Il valore delle donne
nella Chiesa

«Nella storia della Chiesa ci sono state le diaconesse, possiamo pensare a questa possibilità». Lo aveva detto il cardinal Carlo Maria Martini, quando era arcivescovo di Milano, come proposta per venire incontro al crescente bisogno di una Chiesa in cui le vocazioni scendono e l’età media dei sacerdoti cresce sempre più. Sono passati 30 anni da quell’uscita che aveva suscitato un grande dibattito, ed è un altro gesuita, Papa Bergoglio, a rilanciare il tema.

È accaduto ieri durante l’udienza di Francesco con l’Unione internazionale delle superiore generali, cioè alle responsabilità degli ordini femminili. Nella parte dedicata alle domande gli è stato chiesto perché la Chiesa esclude le donne dal servire come diaconi. Le religiose hanno ricordato a Francesco che le donne servivano come diaconi nella Chiesa primitiva. E hanno lanciato la proposta: «Perché non costituire una commissione ufficiale che possa studiare la questione?» . Il Papa, com’è nel suo stile, non si è trincerato dietro discorsi di principi, ma ha raccolto la sfida. Ha rivelato di averne parlato qualche anno fa con un «buon, saggio professore», che aveva studiato il ruolo delle donne diacono nei primi secoli della Chiesa. «Che cos’erano questi diaconi femminili?», ha ricordato il Papa di avere chiesto al professore. «Avevano l’ordinazione o no?». «Qual era il ruolo della diaconessa in quel tempo?». «Costituire una commissione ufficiale che possa studiare la questione?», ha quindi commentato Bergoglio ad alta voce. «Credo di sì. Sarebbe bene per la Chiesa chiarire questo punto. Sono d’accordo. Io parlerò per fare qualcosa del genere». E poi ha confermato: «Mi sembra utile avere una commissione che lo chiarisca bene». Il percorso è tracciato: sarà una commissione a studiare quale ruolo avessero quelle «diaconesse» che secondo molte testimonianze esistevano nelle antiche chiese occidentali e orientali: agli inizi del cristianesimo esisteva certamente una diaconia femminile a cui fa riferimento anche san Paolo mentre si ha notizia di diaconesse che in Siria nel III secolo aiutavano i sacerdoti a battezzare le donne.

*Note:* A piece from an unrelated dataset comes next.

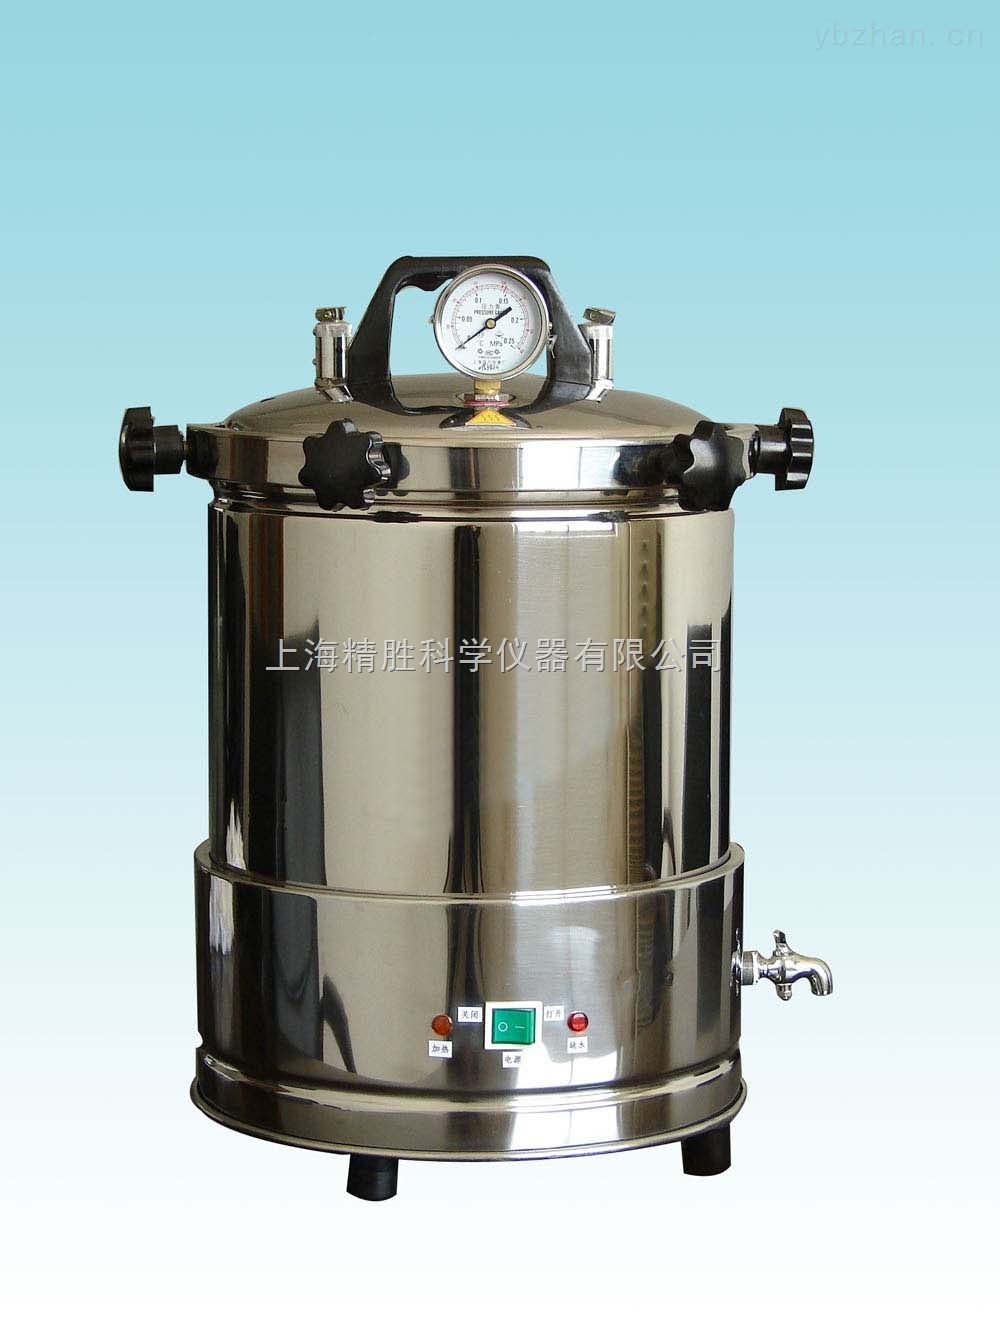 YX280A-手提式不锈钢压力蒸汽灭菌器(定时数控)

Tuttavia la porta aperta dal Papa ieri ha soprattutto un altro significato: dice dell’importanza del ruolo delle donne in questo momento della storia della Chiesa. Il Papa ha sempre ammonito a non guardare la questione in modo “clericale”, cioè solo nella prospettiva del sacerdozio femminile. «Le donne nella Chiesa devono essere valorizzate, non “clericalizzate”. Chi pensa alle donne cardinale soffre un po’ di clericalismo», aveva detto in un’intervista alla Stampa nel Natale 2013. Bergoglio piuttosto vuole che le donne con la loro sensibilità e la loro esperienza possano accedere nei ruoli decisionali della vita della chiesa.

«La Chiesa ha bisogno che le donne entrino nel processo decisionale. Anche che possano guidare un ufficio in Vaticano», ha detto ieri. E poi con la franchezza del suo linguaggio ha sottolineato come «troppe donne consacrate sono “donnette” piuttosto che persone coinvolte nel ministero del servizio». Cioè pienamente responsabilizzate. La Chiesa, ha detto in più occasioni Francesco, deve vincere il vizio del maschilismo. Per farlo deve aprirsi al genio femminile, perché «senza le doti della donna la vocazione umana non può essere realizzata», aveva detto nel gennaio 2014 parlando alle rappresentanti del Centro italiano femminile. E cosa sono queste doti delle donne? Proprio quelle che lui sta indicando dal primo giorno del suo pontificato a tutti gli uomini: apertura e attenzione all’altro, capacità di accoglienza e di dialogo, coraggio nell’aprire le porte ed abbattere i recinti. E poi pazienza e discernimento davanti alle grandi questioni del nostro tempo.